The Order in Council provides among other things - 1)For the putting into operation of many of the existing Defence of the Realm Regulations for the purpose of the restoration or maintenance of order. 2)For the trial of crimes by Courts Martial or by specially constituted Civil Courts, and for the investment of those Courts with the necessary powers. 3)For the withholding from Local Authorities who refuse to discharge the obligations imposed upon them by Statute of grants which otherwise would be payable to them from public funds and for the application of the grants so withheld to the discharge of the obligations which the Local Authority has failed to fulfil. 4)For the holding of Sittings of Courts elsewhere than in ordinary Courthouses, where these Courthouses have been destroyed or otherwise made unavailable. Although the Regulations are not, in terms, restricted to any particular part or parts of Ireland, it is the Government`s intention that they shall not be applied in substitution for the provisions of the ordinary law in places where the judicial and administrative machinery of the ordinary law are available, and are not obstructed in their operations by the methods of violence and intimidation above mentioned.

For instance, under the Regulations an ordinary crime can only be tried by a Courts Martial or by a specially constituted Civil Court, if the case is referred to the Competent Naval or Military Authority. Instructions will be issued by the Irish Executive to ensure that such cases will not be referred to the Competent Naval or Military Authority except where the prevalence of actual threatened violence or intimidation has produced conditions rendering it impracticable for them to be dealt with by due process of ordinary law...'

Greenwood stated the above, as mentioned, on Tuesday, 19th October 1920 and, the following day, a young (19 years old) IRA Volunteer, from Fleet Street in Dublin, Kevin Barry, became the first person to be tried by court martial under the new 'Restoration of Order in Ireland Act 1920' which,among its other trappings,allowed for the suspension of the courts system in Ireland (bad and all as that system was) and the establishment of military courts with powers to enforce the death penalty and internment without trial. On the 10th December 1920 martial law was proclaimed in Counties Cork, Kerry, Limerick, and Tipperary and, in January 1921, this order was extended to include Clare and Waterford. The 'ROIA' was widely used by the British against Irish republicans and, indeed, was used as a 'tool' to impose censorship on the media of the day, an imposition which was challenged, sometimes succesfully so - 'In 1921 a ROIA court-martial convicted the proprietors and editor of a Dublin newspaper for violating ROIA press regulations. At the end of the trial, a military detachment acting without a written order from the military court arrested the defendants and conveyed them to a civil prison. The prisoners petitioned for a writ of habeas corpus on the ground that a transfer from military to civil custody based merely on oral statements of anonymous soldiers was unlawful. The Crown argued that since the defendants were subject to military law, they could be moved from military to civil confinement without a written order. Finding this contention to be "quite untenable," the King’s Bench put on record its desire "in the clearest way possible to repudiate" the doctrine that a civil prison could detain a king’s subject without proper written authority: "To sanction such a course would be to strike a deadly blow at the doctrine of personal liberty, which is part of the first rudiments of the constitution." Moreover, the court-martial’s failure to issue an order left the civil jailer "without the protection of any written mandate" and therefore exposed to the risk of a lawsuit. Declaring that there was "no vinculum or bond of union between the military and the civil custody," the King’s Bench issued the writ of habeas corpus. Ostensibly protecting the liberty of civilians against overreaching by the Army, the court equally protected a civil institution from subordination to military command....' (from page 443, here.)

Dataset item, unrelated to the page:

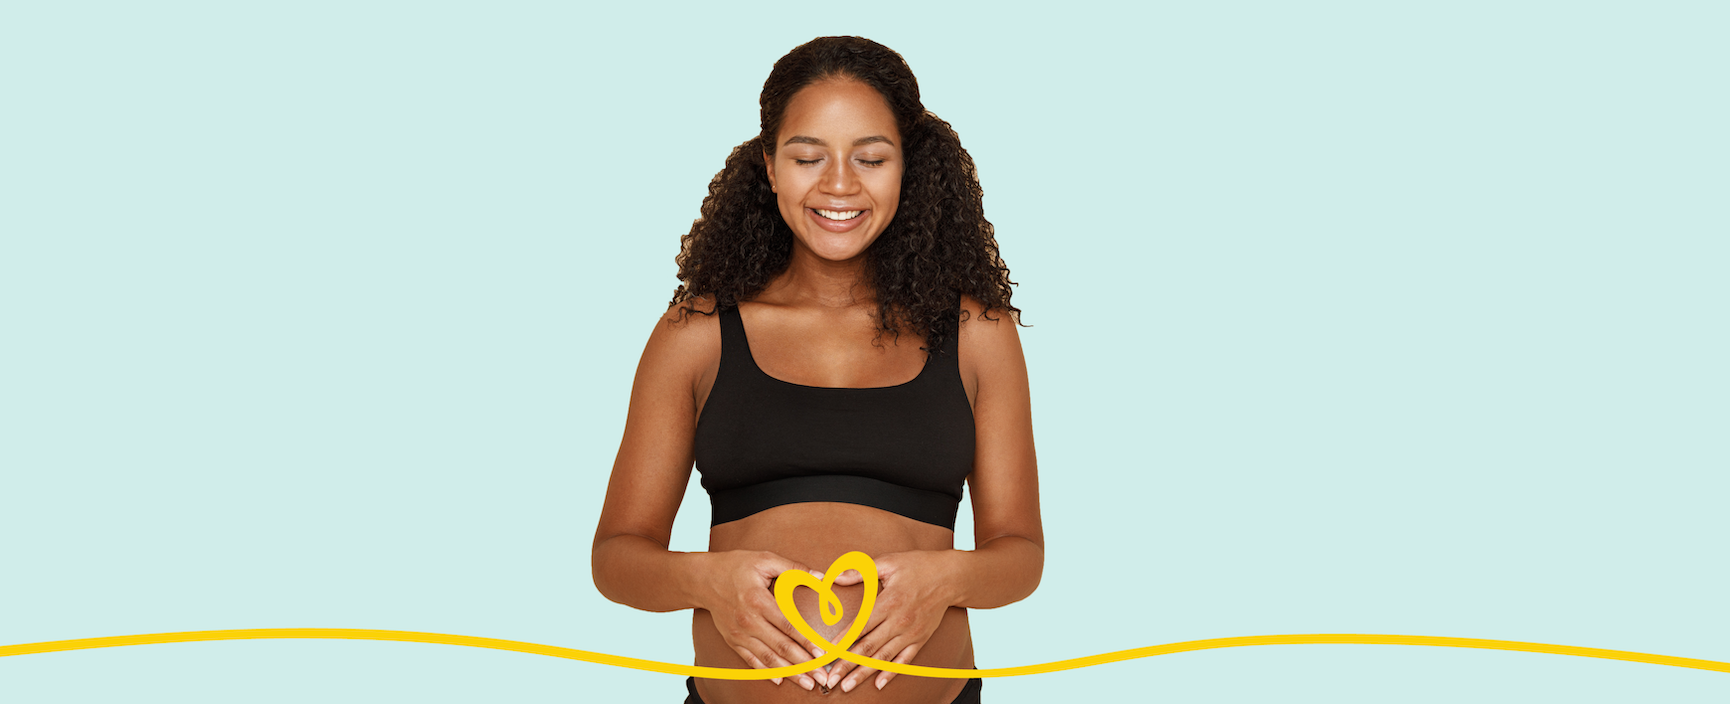 A Black, pregnant woman places her hands over her stomach with a swooping Pampers logo in frame

And today, more than ninty years after the introduction of the 'ROIA', the British and their political colleagues in Stormont and Leinster House, are still attempting to use 'laws' of that nature, and media censorship, to destroy Irish republicanism. But it didn't work then and won't work for them today, either - we are in this for the long haul!


It seems unbelievable that any political administration/department could introduce/enforce a writ whereby said body could seek to control, for tax purposes, how people might benefit from rainfall, yet that is precisely what is being instructed in the 'Harvesting Rainwater' notification from the 'Irish Water' company, below -

'All rainwater harvesting systems must be approved in advance. If you would like to discuss your options for rainwater harvesting system(s) please contact Irish Water....'

With that in mind, there is an indication here of where exactly this '..must be approved in advance...' edict will lead to because, despite the many differences between Oregon and this 26-county State, the political class are the same : self-serving careerists who are aware that they have a short 'window of opportunity' in which to financially secure their future and, even though they themselves are not fit to earn an honest living via an honest job, they find themselves - for a short time, anyway - in a position whereby they can 'lawfully' molest, financially, those that are not as powerful as they are. Rainwater falls the same no matter where you live and equally as predictable is the conduct of political establishments worldwide - get 'caught out' by either and your health will suffer.


Interesting figures came to light three days ago (in 'The Sunday Times' newspaper) in relation to how much some of the political parties in Leinster House are given by the State administrative system, from taxpayers money, to keep themselves in operation. The figures relate to the amount taken by each party in the last eight years, and show that Fine Gael paid itself, on average, €9234 a week over that period (and quoted that Party as stating that it employs 30 staff in its "national office") , Fianna Fáil took €8296 a week from taxpayers in the same period (and employs a staff of 24) , the Labour Party granted itself €5169 a week (and has a staff of 34) and Provisional Sinn Féin raided the State coffers for €2567 a week, every week, for the last eight years (and has a staff of "more than 92" , none of whom "are paid more than €60,000" a year) !

You have to ask yourself why any of the above-mentioned political parties, each of which claim they want 'to change the system', would want to change a system which is so financially favourable to them?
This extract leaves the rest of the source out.